We start by normalizing the size of the entire ink such that the y values are within the range [0, 1], similar to how we process it for raw points. The time values are scaled linearly to match the length of the ink such that

$$\begin{aligned} t_{N-1} - t_0 = \sum _{i=1}^{N-1} \left[ (x_i - x_{i-1})^2 + (y_i - y_{i-1})^2\right] ^{1/2}. \end{aligned}$$
(2)

in order to obtain values in the same numerical range as x and y. This sets the time difference between the first and last points of the stroke to be equal to the total spatial length of the stroke.

For each stroke in an ink, the coefficients \(\alpha \), \(\beta \), and \(\gamma \) are computed by minimizing the sum of squared errors (SSE) between each observed point i and its corresponding closest point (defined by \(s_i\)) on the Bézier curve:

$$\begin{aligned} \sum _{i=0}^{N-1} \left( x_i - x(s_i)\right) ^2 + \left( y_i - y(s_i)\right) ^2 + \left( t_i - t(s_i)\right) ^2. \end{aligned}$$
(3)

where N is the number of points in the stroke.
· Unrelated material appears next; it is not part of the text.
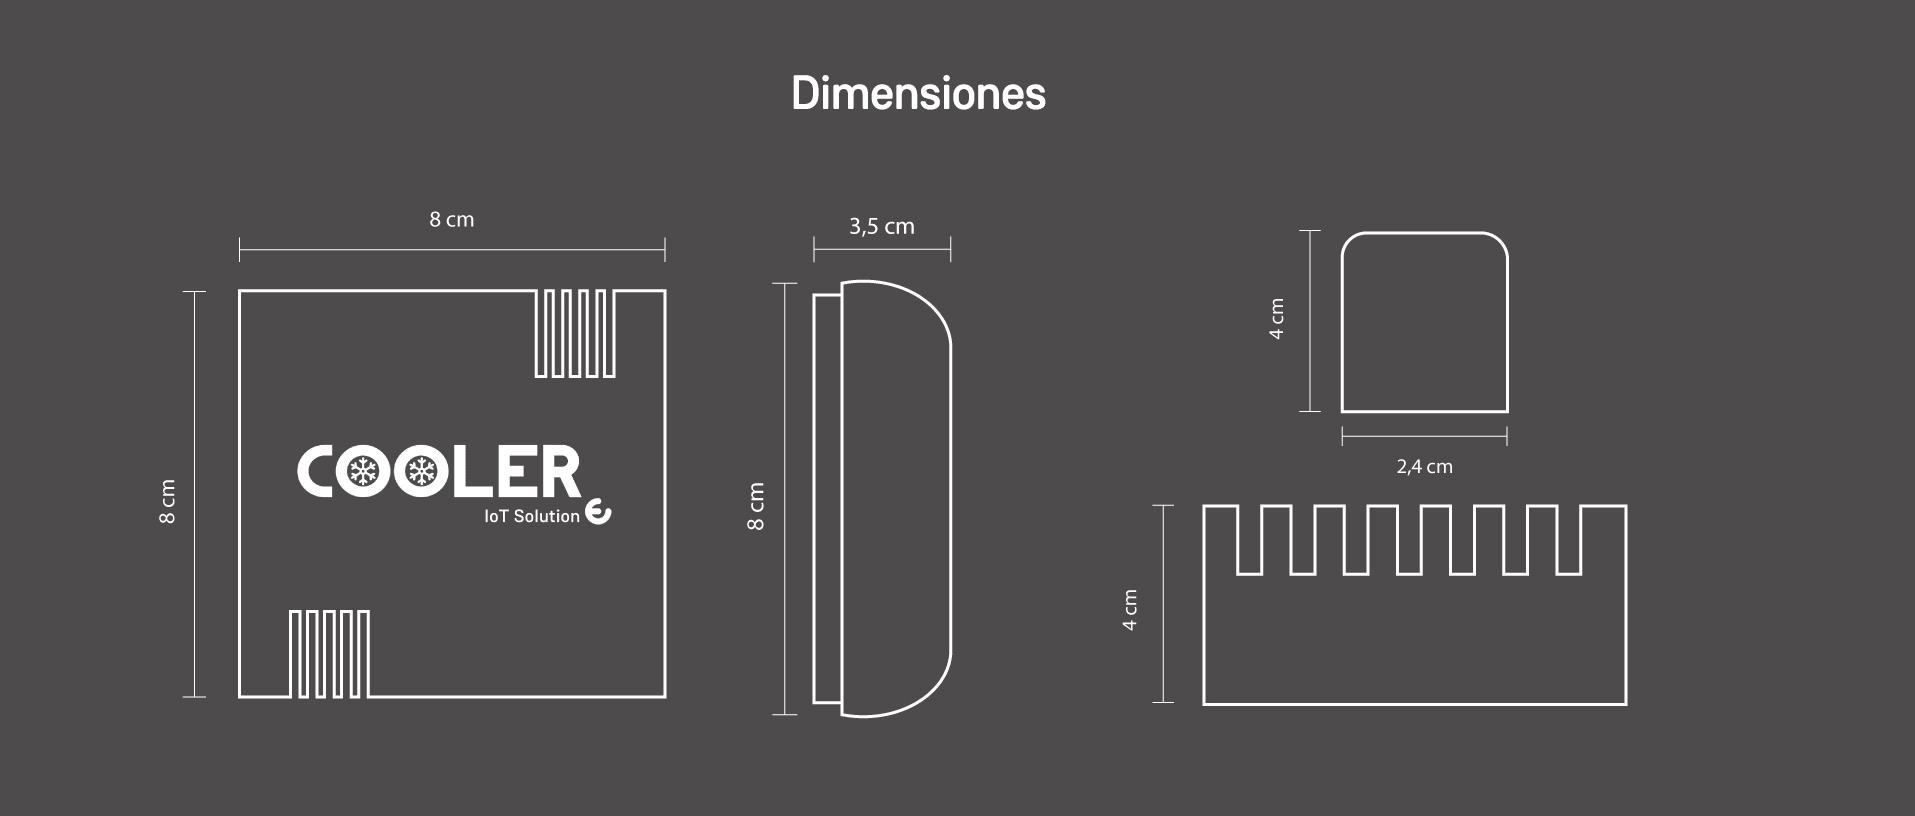 Cooler dimensiones dispositivos

Given a set of coordinates \(s_i\), computing the coefficients corresponds to solving the following linear system of equations:

$$\begin{aligned} \underbrace{\left[ \begin{array}{ccc} x_1 &{}\quad y_1 &{}\quad t_1 \\ x_2 &{}\quad y_2 &{}\quad t_2 \\ \vdots &{}\quad \vdots &{}\quad \vdots \\ x_N &{}\quad y_N &{}\quad t_N \end{array}\right] }_{Z} = \underbrace{\left[ \begin{array}{cccc} 1 &{}\quad s_1 &{}\quad s_1^2 &{}\quad s_1^3 \\ 1 &{}\quad s_2 &{}\quad s_2^2 &{}\quad s_2^3 \\ \vdots &{}\quad \vdots &{}\quad \vdots &{}\quad \vdots \\ 1 &{}\quad s_N &{}\quad s_N^2 &{}\quad s_N^3 \end{array}\right] }_{V} \underbrace{\left[ \begin{array}{ccc} \alpha _0 &{}\quad \beta _0 &{}\quad \gamma _0 \\ \alpha _1 &{}\quad \beta _1 &{}\quad \gamma _1 \\ \alpha _2 &{}\quad \beta _2 &{}\quad \gamma _2 \\ \alpha _3 &{}\quad \beta _3 &{}\quad \gamma _3 \end{array}\right] }_{\varOmega } \end{aligned}$$
(4)

which can be solved exactly for \(N\le 4\), and in the least-squares sense otherwise, e.g., by solving the normalized equations

$$\begin{aligned} V^\mathsf {T}Z = V^\mathsf {T}V\varOmega . \end{aligned}$$
(5)

for the coefficients \(\varOmega \). We alternate between minimizing the SSE in Eq. (3) and finding the corresponding points \(s_i\), until convergence. The coordinates \(s_i\) are updated using a Newton step on

$$\begin{aligned} x'(s_i)(x_i - x(s_i)) + y'(s_i)(y_i - y(s_i)) = 0, \end{aligned}$$
(6)

which is zero when \((x_i-x(s_i), y_i-y(s_i))\) is orthogonal to the direction of the curve \((x'(s_i), y'(s_i))\).

If (a) the curve cannot fit the points well (SSE error is too large) or if (b) the curve has too sharp bends (arc length longer than 3 times the endpoint distance), we split the curve into two parts. We determine the split point in case (a) by finding the triplet of consecutive points with the smallest angle, and in case (b) as the point closest to the maximum local curvature along the entire Bézier curve. This heuristic is applied recursively until both the curve matching criteria are met.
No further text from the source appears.